Total number of matches: 6080
Total number of features: 42
Number of matches won by home team: 2816
Win rate of home team: 46.32%


In [4]:
X_all.HM1 = X_all.HM1.astype('str')
X_all.HM2 = X_all.HM2.astype('str')
X_all.HM3 = X_all.HM3.astype('str')
X_all.AM1 = X_all.AM1.astype('str')
X_all.AM2 = X_all.AM2.astype('str')
X_all.AM3 = X_all.AM3.astype('str')

def preprocess_features(X):
    # Initialize new output DataFrame
    output = pd.DataFrame(index = X.index)
    for col, col_data in X.iteritems():
        if col_data.dtype == object:
            col_data = pd.get_dummies(col_data, prefix = col)
        output = output.join(col_data)
    return output
   
X_all = preprocess_features(X_all)
print("Processed feature columns ({} total features):\n{}".format(len(X_all.columns), list(X_all.columns)))


Processed feature columns (30 total features):
['FTHG', 'FTAG', 'HM1_D', 'HM1_L', 'HM1_M', 'HM1_W', 'HM2_D', 'HM2_L', 'HM2_M', 'HM2_W', 'HM3_D', 'HM3_L', 'HM3_M', 'HM3_W', 'AM1_D', 'AM1_L', 'AM1_M', 'AM1_W', 'AM2_D', 'AM2_L', 'AM2_M', 'AM2_W', 'AM3_D', 'AM3_L', 'AM3_M', 'AM3_W', 'HTGD', 'ATGD', 'DiffFormPts', 'DiffLP']


In [5]:
from sklearn.model_selection import train_test_split
from sklearn.metrics import f1_score,classification_report, confusion_matrix
X_train, X_test, y_train, y_test = train_test_split(X_all, y_all, test_size = 6060, random_state=42, stratify=y_all)
# clf = SVC(gamma='auto')
# clf.fit(X_train, y_train)
# pred_clf = clf.predict(X_train)
# print(X_train.shape)
# print('---')
# print(y_train.shape)
# print('---')
# print(pred_clf)
# print(y_train)
# print(classification_report(y_test, pred_clf))
# print(confusion_matrix(y_test, pred_clf.T))

In [6]:
from time import time
from sklearn.metrics import f1_score,classification_report, confusion_matrix

def train_classifier(clf, X_train, y_train):
    ''' Fits a classifier to the training data. '''
    start = time()
    clf.fit(X_train, y_train)
    end = time()
    print("Trained model in {:.4f} seconds".format(end - start))
    
def predict_labels(clf, features, target):
    ''' Makes predictions using a fit classifier based on F1 score. '''
    start = time()
    y_pred = clf.predict(features)
    end = time()
    # Print and return results
    print("Made predictions in {:.4f} seconds.".format(end - start))
    return f1_score(target, y_pred, pos_label="H"), sum(target == y_pred) / float(len(y_pred))

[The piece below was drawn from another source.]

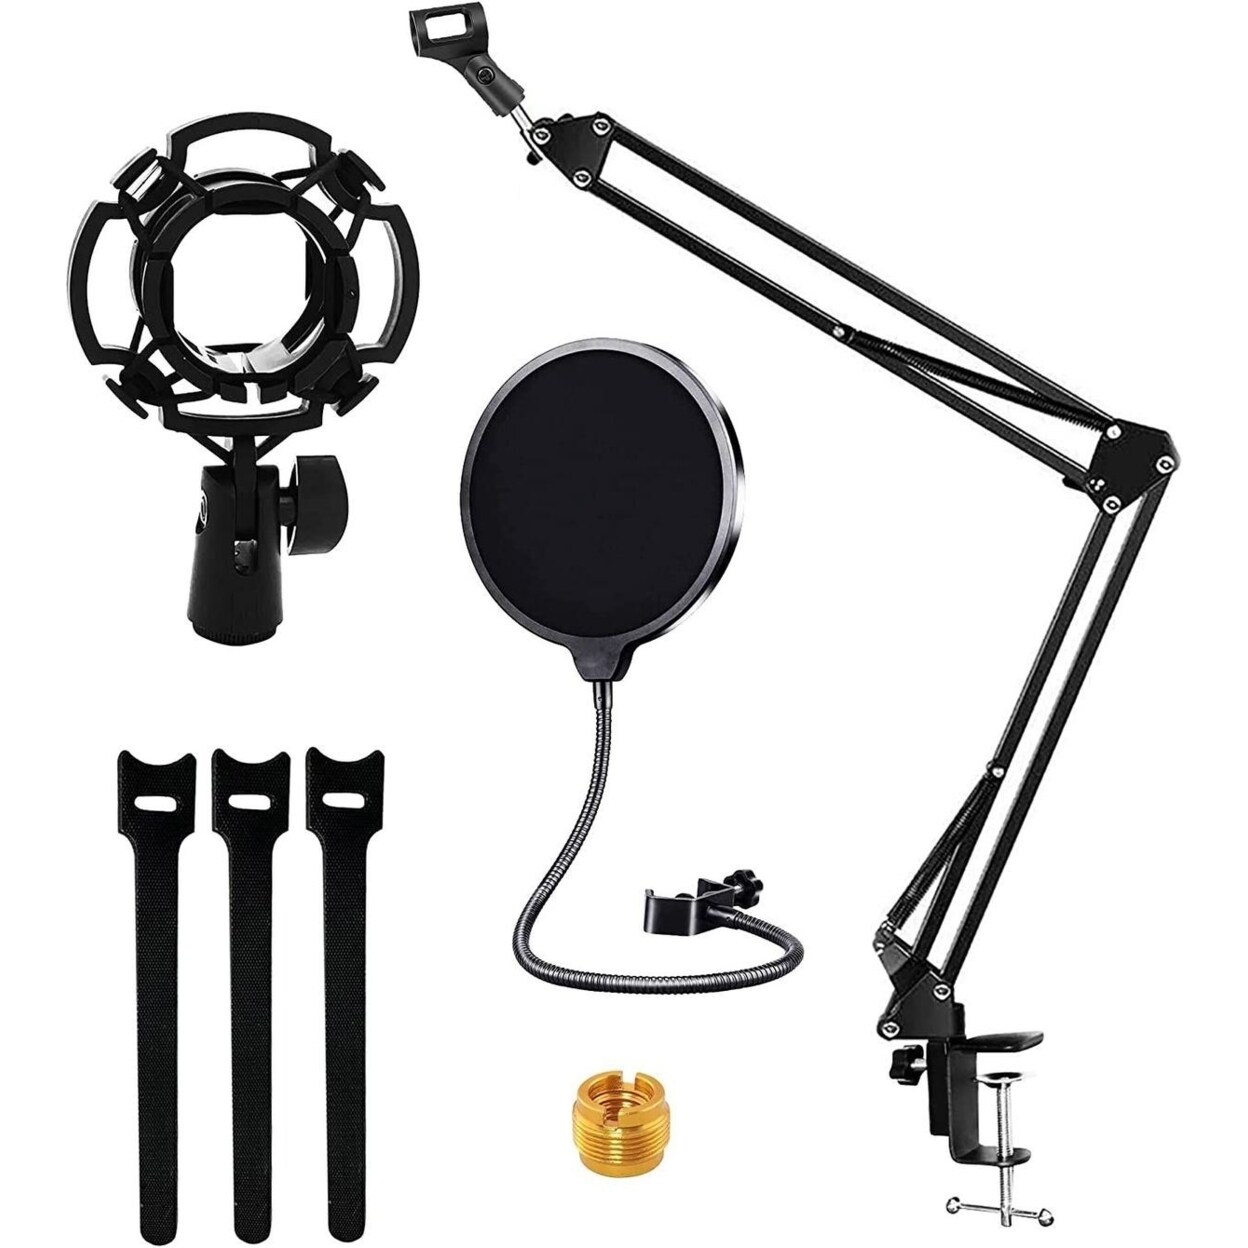 SKUSHOPS Professional Microphone Stand 16 inch with Pop Filter Heavy Duty Microphone Suspension Scissor Arm Stand and Windscreen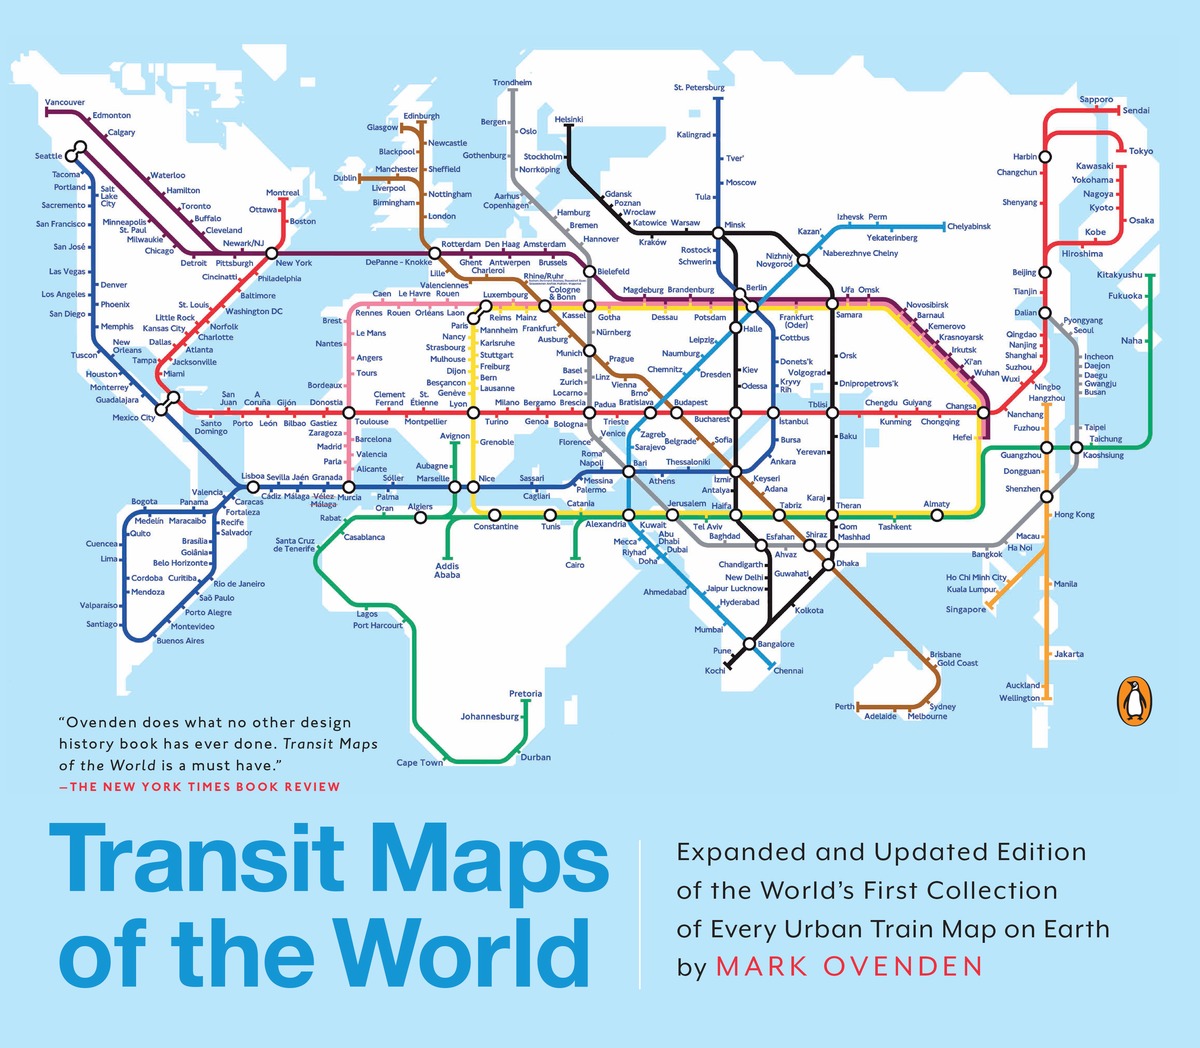 Transit Maps of the World: Expanded And Updated Edition of the World's First Collection of Every Urban Train Map on Earth

def train_predict(clf, X_train, y_train, X_test, y_test):
    ''' Train and predict using a classifer based on F1 score. '''
    print("Training a {} using a training set size of {}. . .".format(clf.__class__.__name__, len(X_train)))
    train_classifier(clf, X_train, y_train)
    f1, acc = predict_labels(clf, X_train, y_train)
    print("F1 score and accuracy score for training set: {:.4f} , {:.4f}.".format(f1 , acc))
    f1, acc = predict_labels(clf, X_test, y_test)
    print("F1 score and accuracy score for test set: {:.4f} , {:.4f}.".format(f1 , acc))

In [7]:
clf_A = LogisticRegression(random_state = 42)
clf_B = SVC(random_state = 912, kernel='rbf',gamma='auto')
clf_C = xgb.XGBClassifier(seed = 82)

train_predict(clf_A, X_train, y_train, X_test, y_test)
print('')
train_predict(clf_B, X_train, y_train, X_test, y_test)
print('')
train_predict(clf_C, X_train, y_train, X_test, y_test)
print('')

Training a LogisticRegression using a training set size of 20. . .
Trained model in 0.0054 seconds
Made predictions in 0.0019 seconds.
F1 score and accuracy score for training set: 1.0000 , 1.0000.
Made predictions in 0.0079 seconds.
F1 score and accuracy score for test set: 0.8400 , 0.8536.

Training a SVC using a training set size of 20. . .
Trained model in 0.0028 seconds
Made predictions in 0.0022 seconds.
F1 score and accuracy score for training set: 0.9412 , 0.9500.
Made predictions in 0.0138 seconds.
F1 score and accuracy score for test set: 0.7642 , 0.8087.

Training a XGBClassifier using a training set size of 20. . .
Trained model in 0.0215 seconds
Made predictions in 0.0017 seconds.
F1 score and accuracy score for training set: 1.0000 , 1.0000.




Made predictions in 0.0148 seconds.
F1 score and accuracy score for test set: 0.7409 , 0.7517.